In Chap. 3, the Bayesian and the evidence frameworks were applied to build an automatic relevance determination (ARD) method. The ARD technique was then applied to identify the relevance of economic variables that are essential for driving the consumer price index. It was concluded that for the data analyzed using the MLP based ARD the variables driving the CPI are mining, transport, storage and communication, financial intermediation, insurance, real estate and business services, community, social and personal services, gross value added at basic prices, taxes less subsidies on products, affordability, economic growth, repo rate, gross domestic product, household consumption and investment.

In this chapter, these variables are used to predict the CPI using MLP, RBF, and SVM. The architecture of the MLP neural network applied in this chapter is as indicated in Table 4.2. The MLP had linear activation function in the output layer and hyperbolic tangent function in the hidden nodes (Fig. 4.3). The architecture of the RBF neural network, applied in this chapter, is as indicated in Table 4.3 and Fig. 4.4. The RBF had a Gaussian basis function. The sample results obtained can be viewed in Fig. 4.3.

Table 4.2 Characteristics of the MLP network and the results
Fig. 4.3
figure 3

Sample results achieved using the MLP network

Fig. 4.4
figure 4

Sample results achieved using the RBF network

Table 4.3 Characteristics of the RBF network and the results

The architectures of the different SVM networks applied in this chapter are as indicated in Table 4.4. The C and e parameters were fixed at 200 and 0.05 respectively.

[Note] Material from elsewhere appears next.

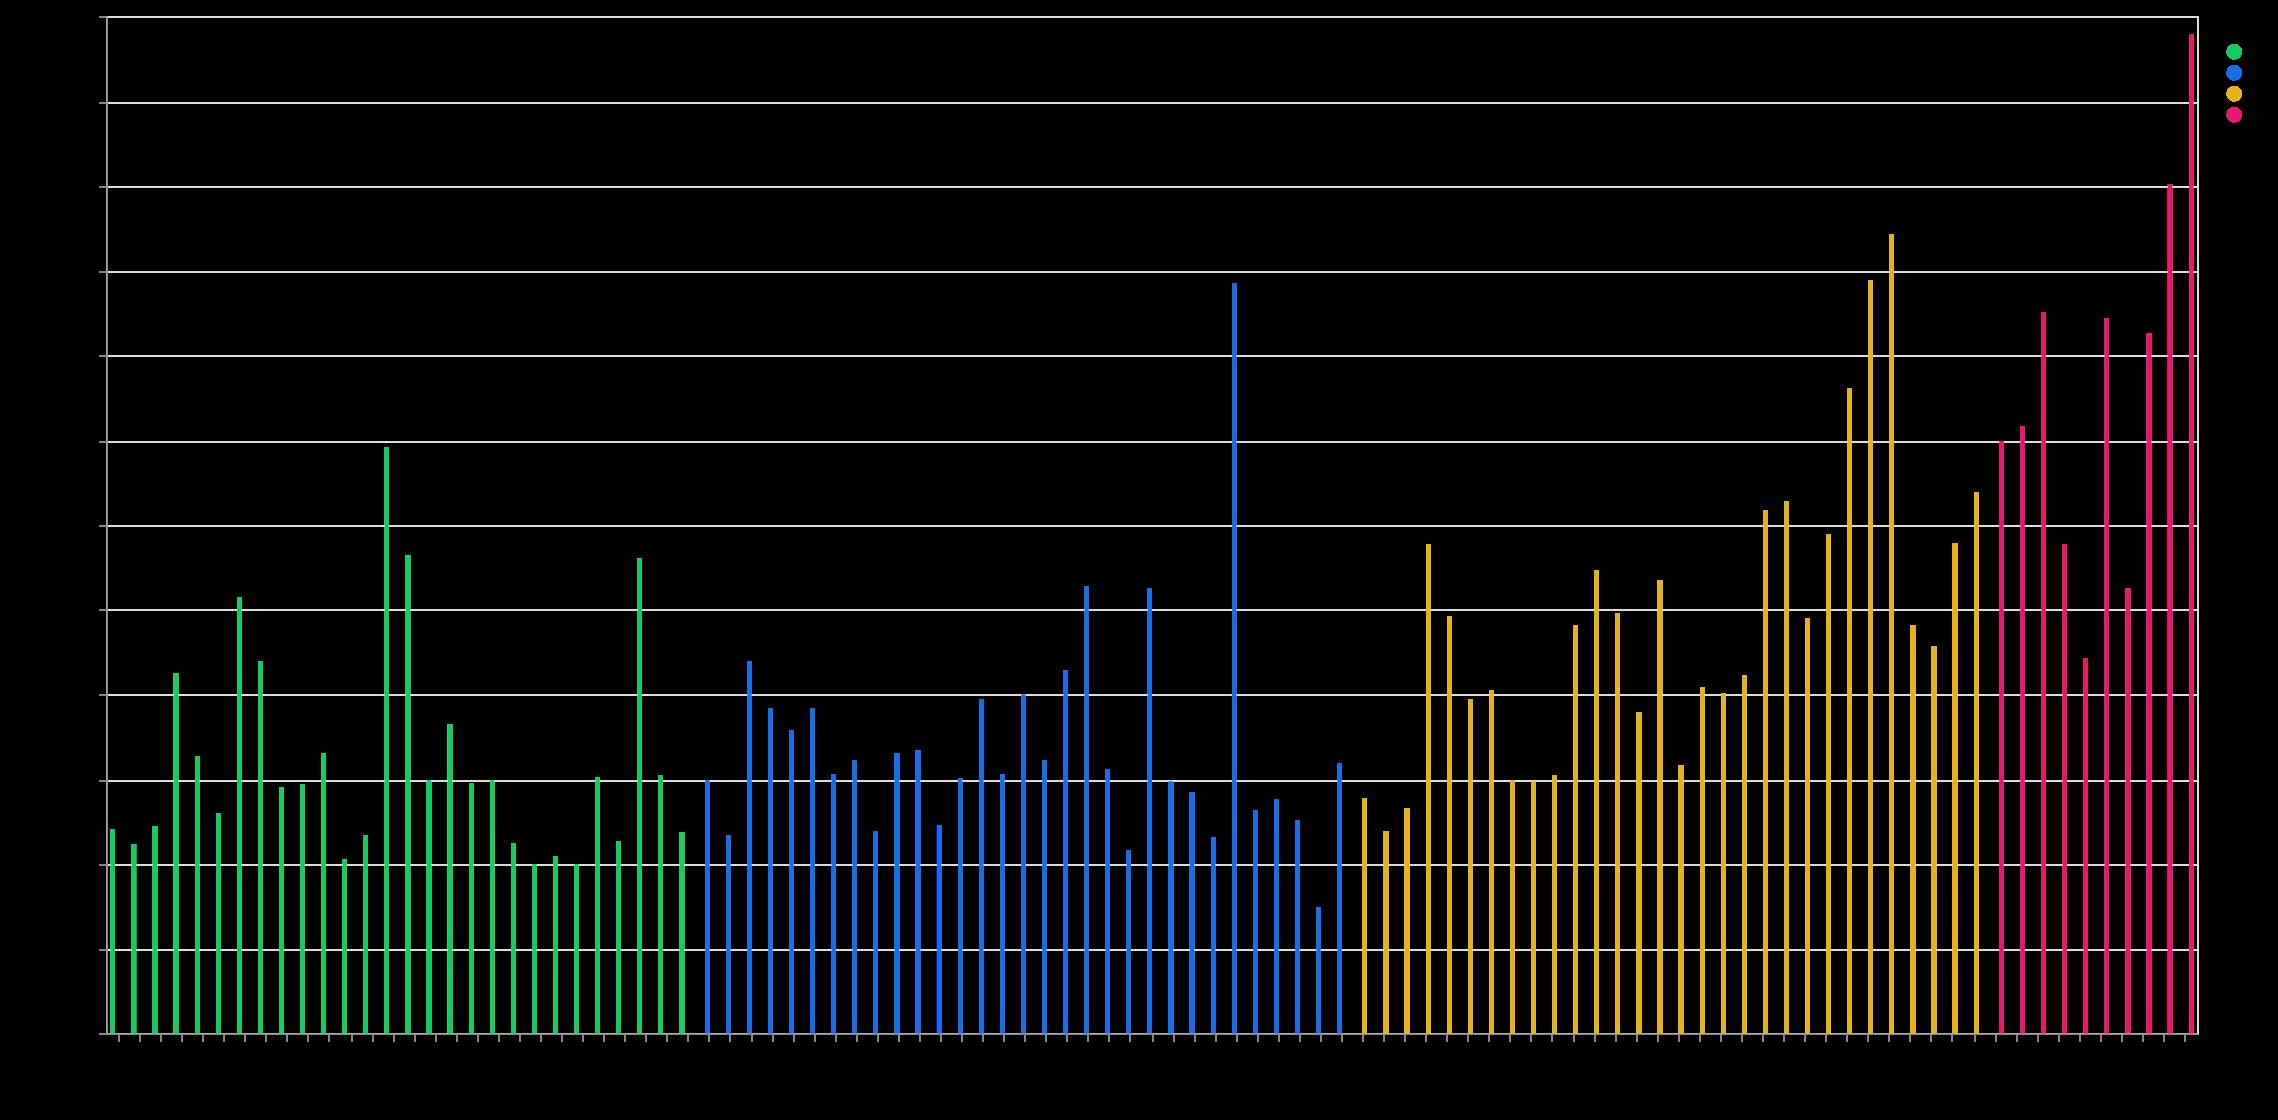 平均応答時間 (視聴毎平均の日別平均)

Table 4.4 Different implementations of the SVM models

Figure 4.5 shows the sample results from the RBF based SVM.

Fig. 4.5
figure 5

Model 1 predicted CPI vs. the actual CPI

The results indicate that for the data under consideration, the SVM models demonstrated better results followed by the MLP then the RBF. The SVM with the exponential RBF gave the best results.

4.6 Conclusion

This chapter described the multi-layered perceptron, radial basis functions, and support vector machines and applied these to modeling the CPI. The results indicated that the SVM gave the best results followed by the MLP and then the RBF. The SVM with an exponential RBF gave the best results.